##### GIVEN DATA
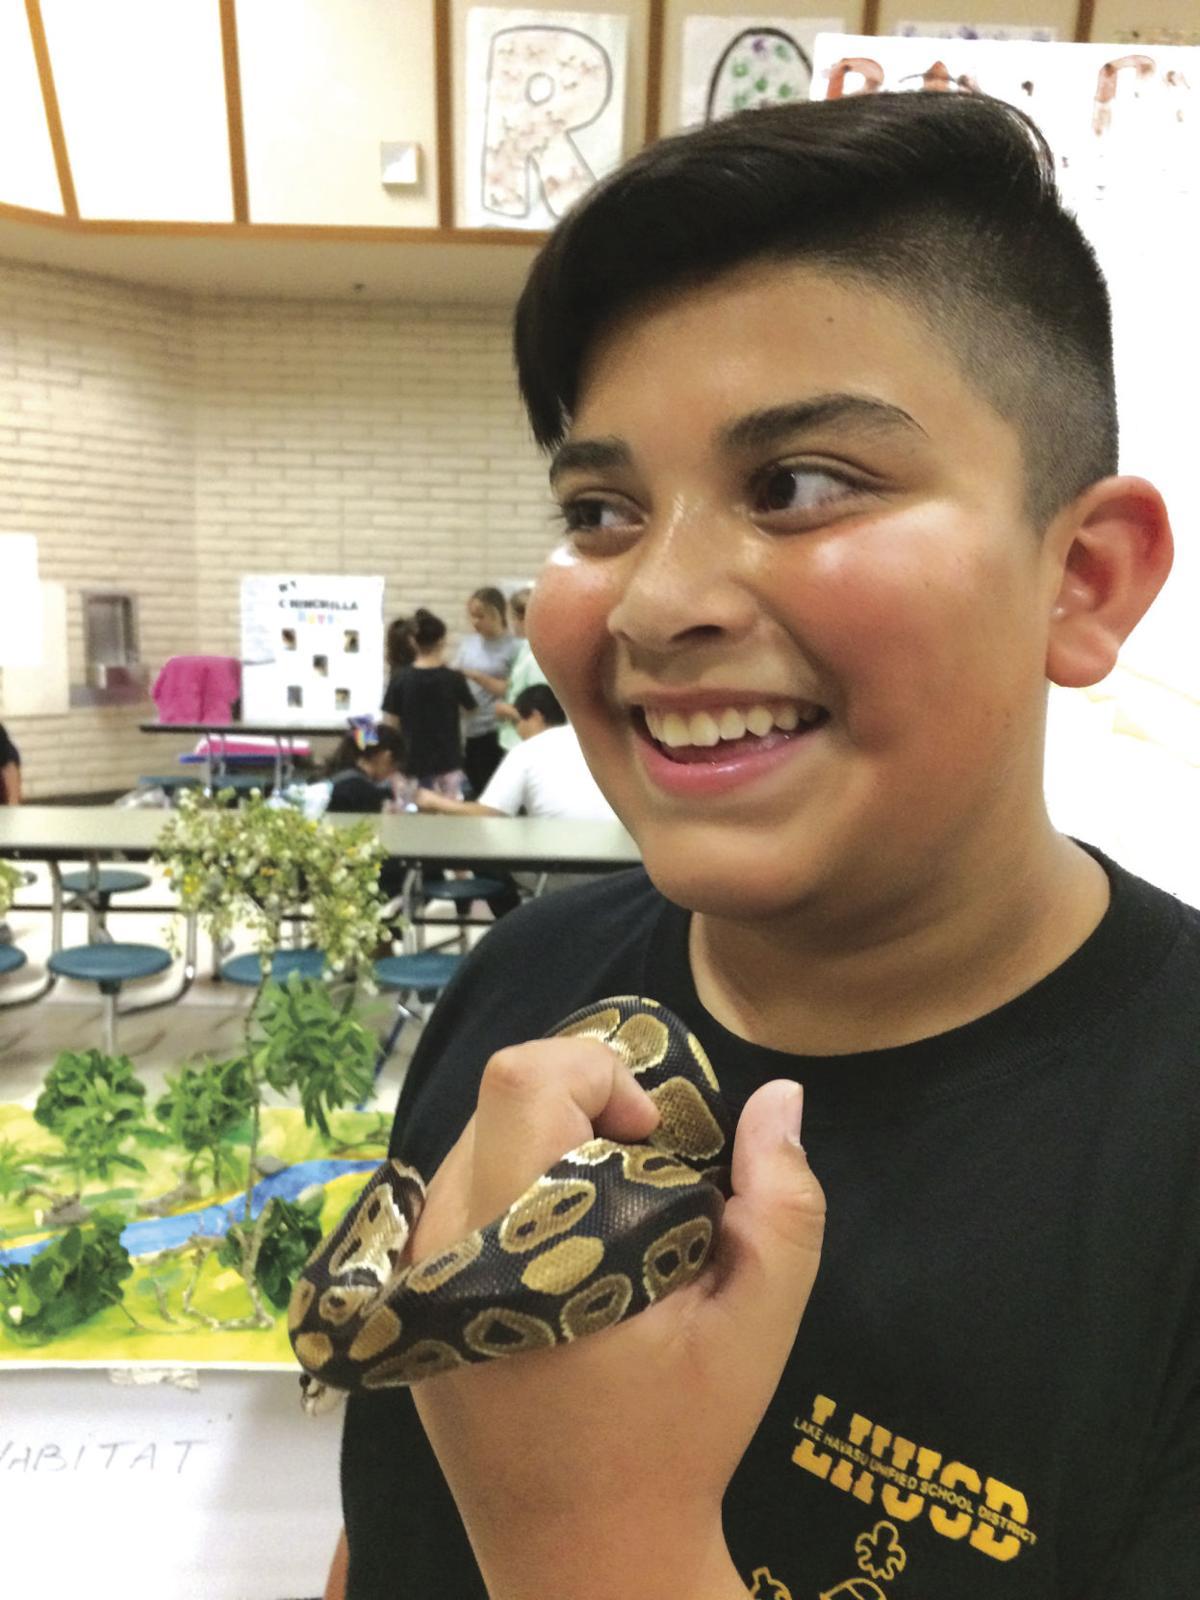 snake boy 2.jpg
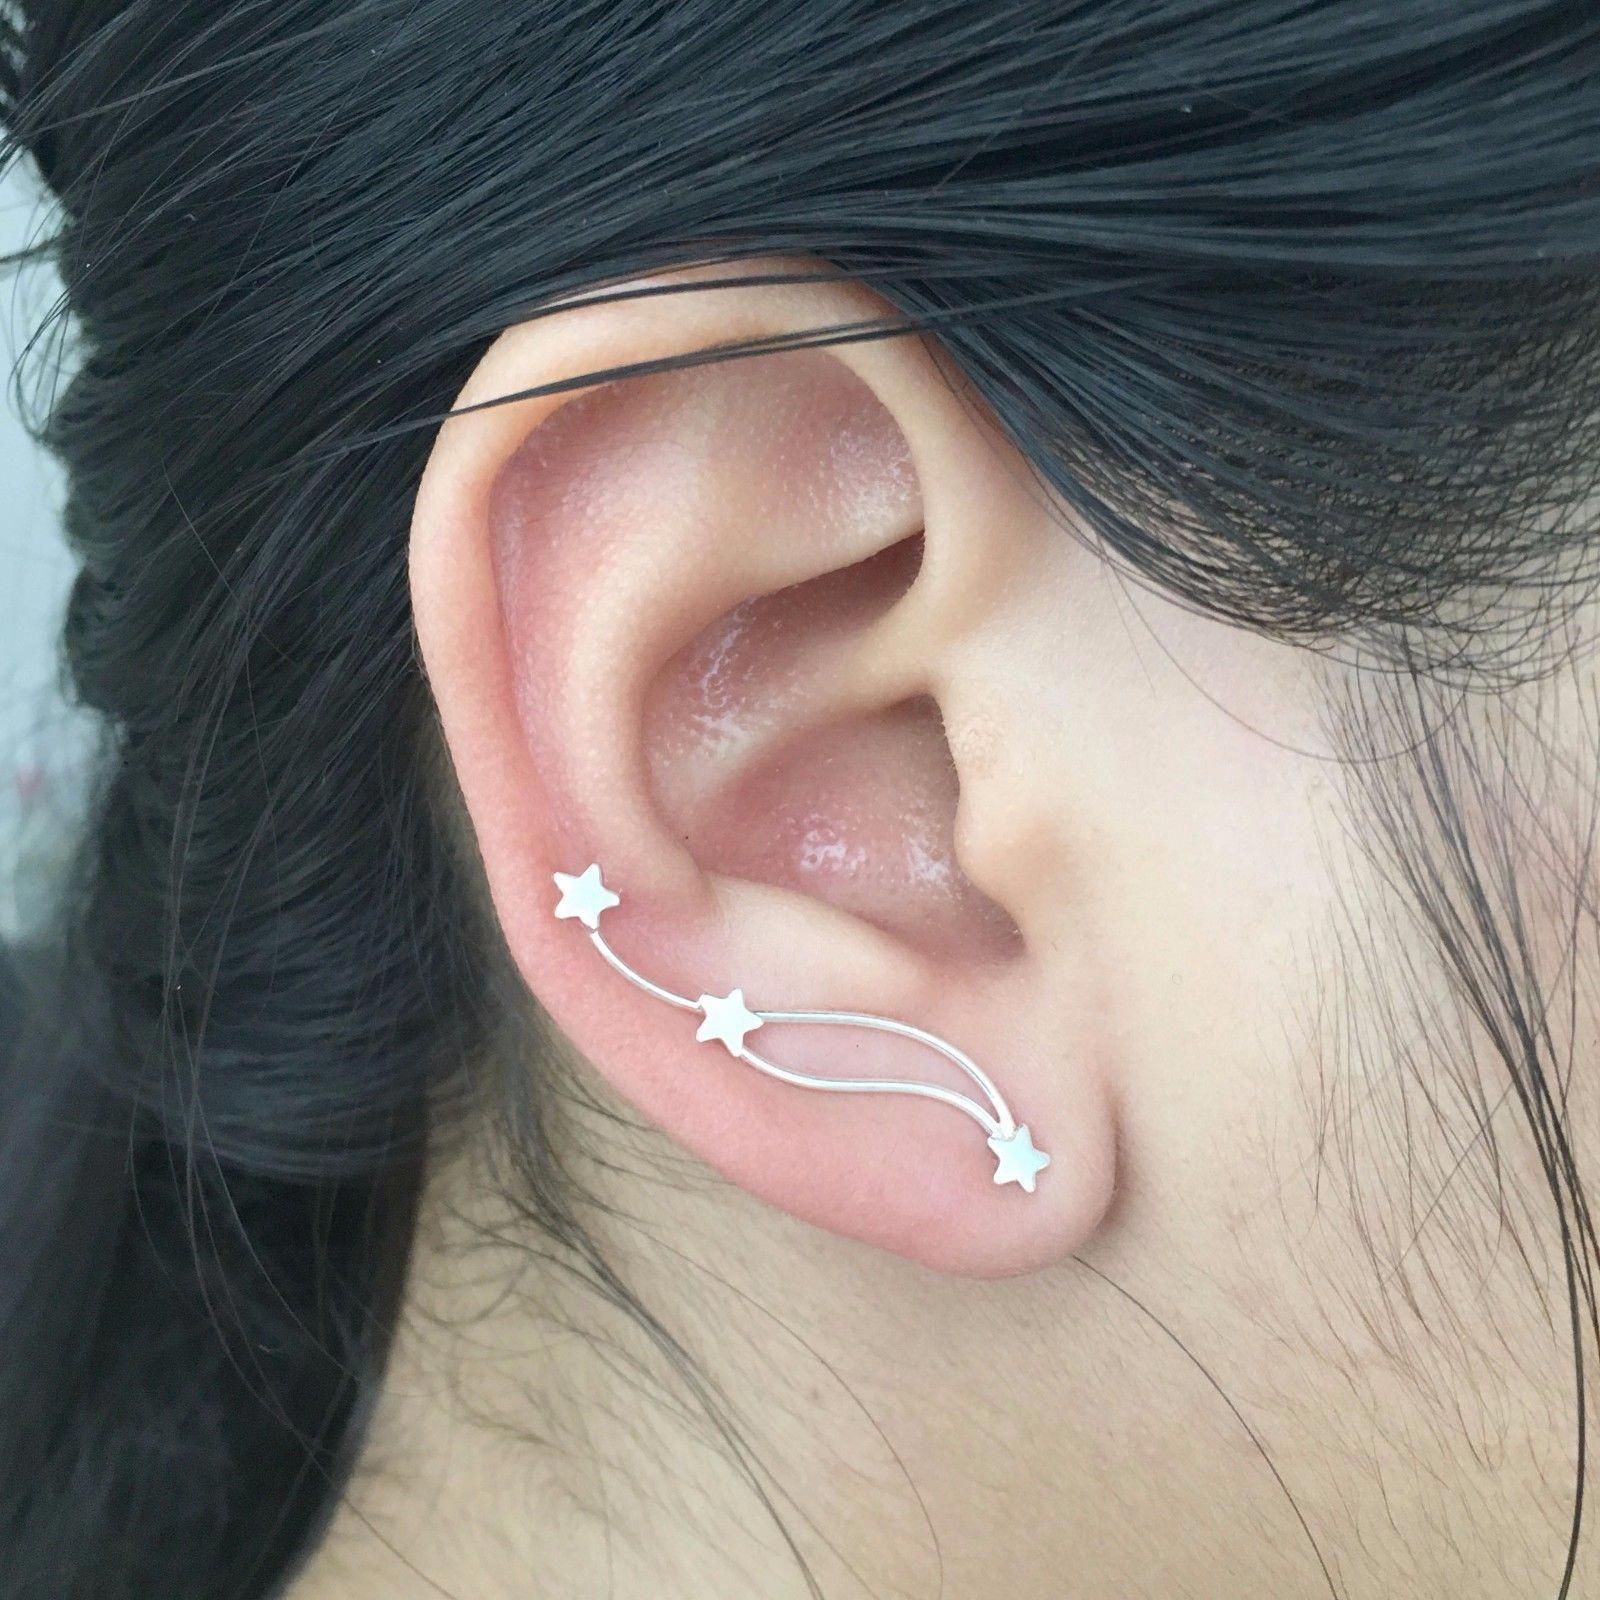 72411a1e0a76 Real 925 Sterling Silver Crawler Ear Climber 3 Stars Cuff Ear Sweep Pin  Earrings  sterlingsilverearrings
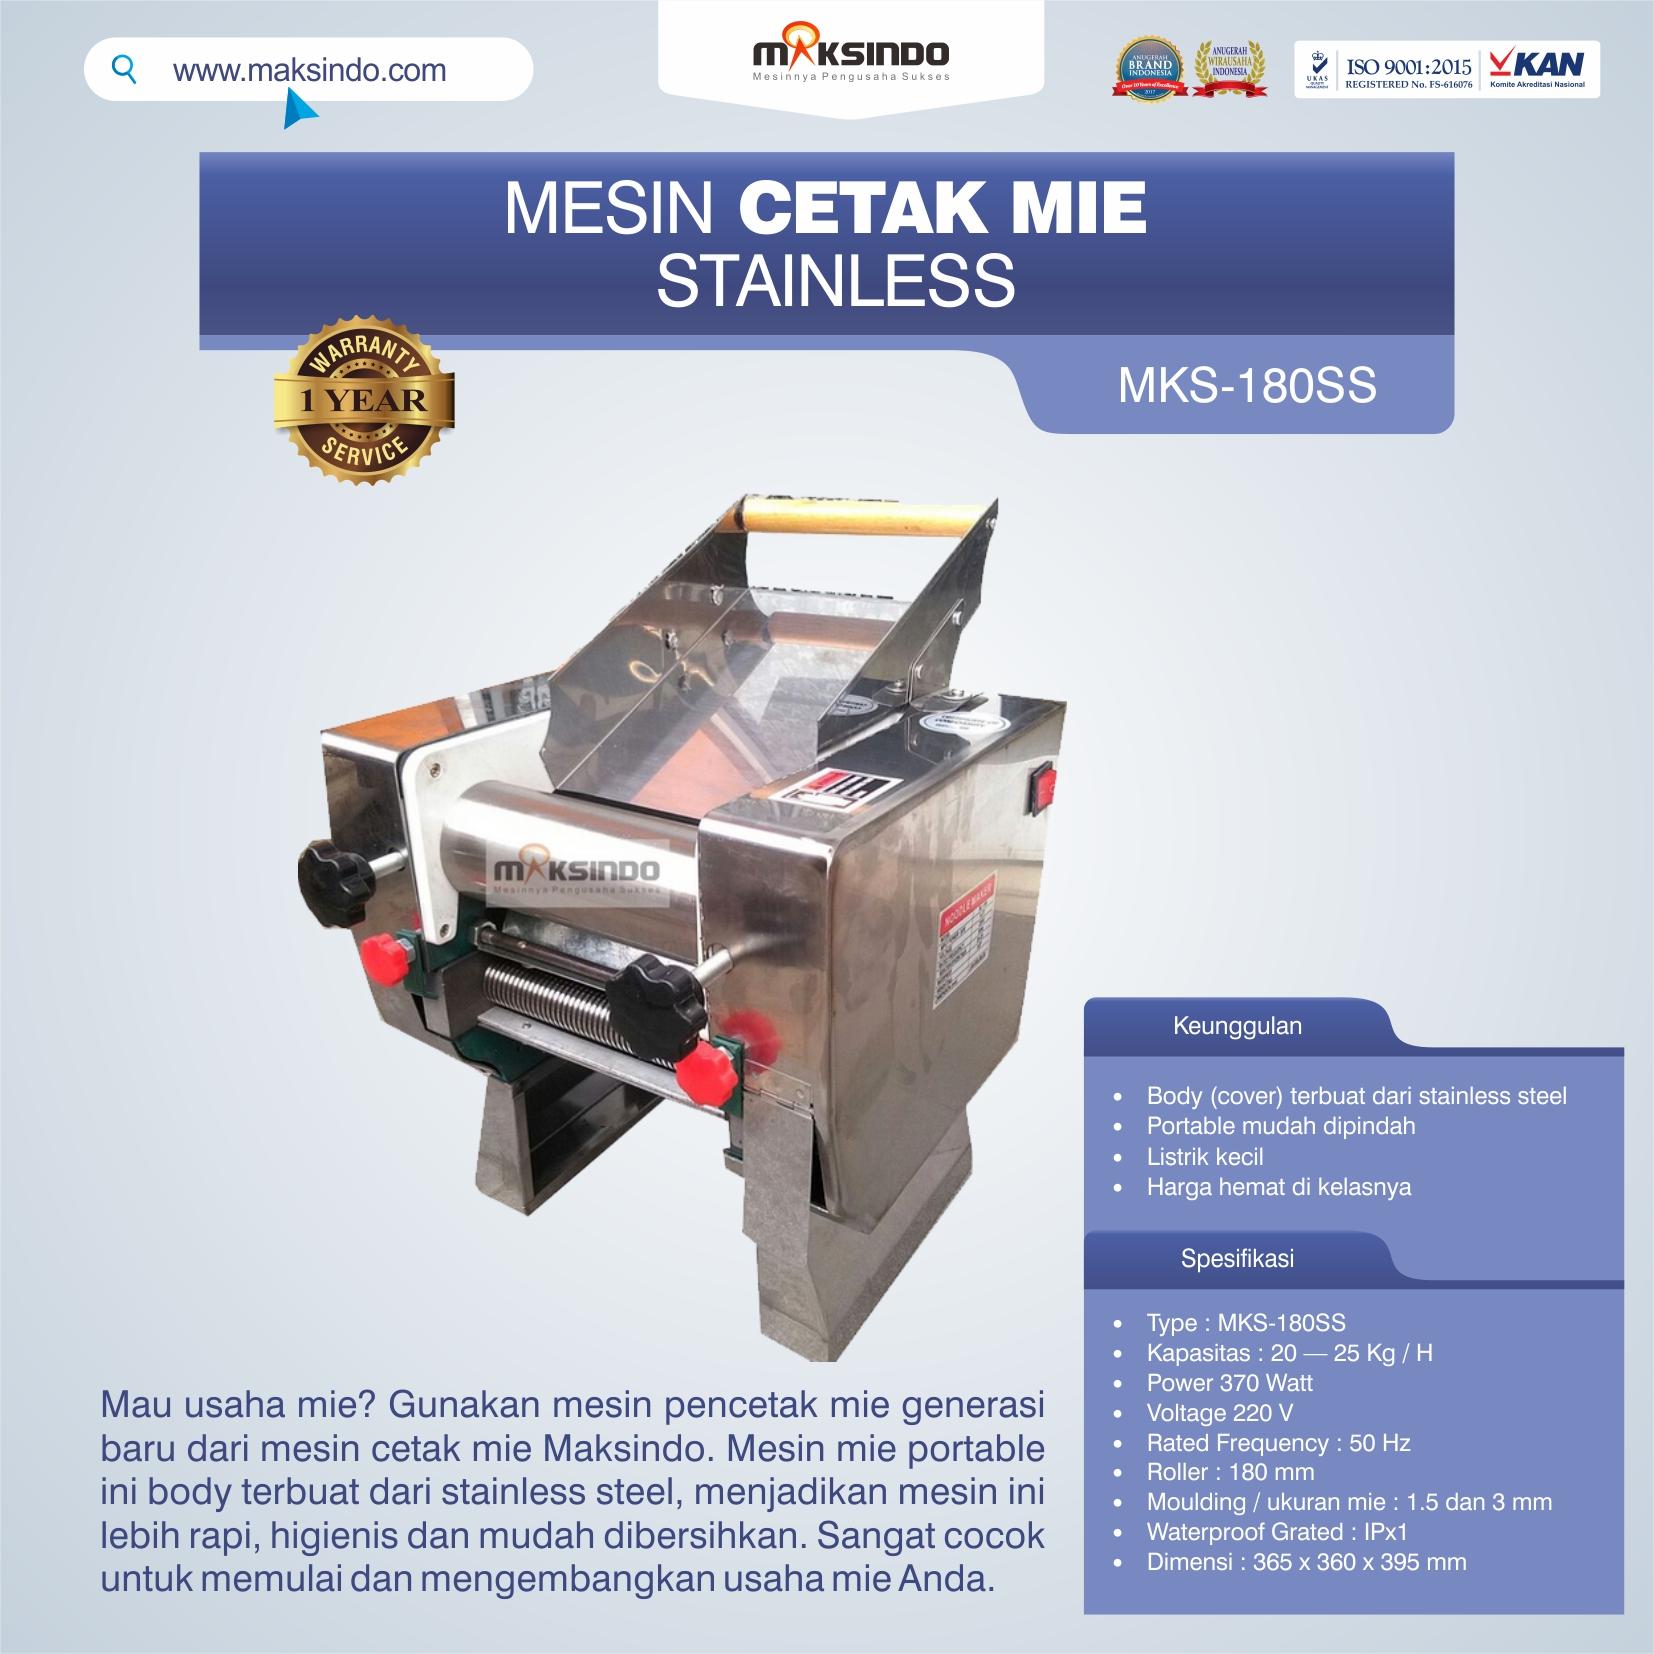 Jual Mesin Cetak Mie Stainless (MKS-180SS) di Bekasi
##########
Transcribe the material exactly, leaving every picture out.

 snake boy 2.jpg
 72411a1e0a76 Real 925 Sterling Silver Crawler Ear Climber 3 Stars Cuff Ear Sweep Pin  Earrings  sterlingsilverearrings
 Jual Mesin Cetak Mie Stainless (MKS-180SS) di Bekasi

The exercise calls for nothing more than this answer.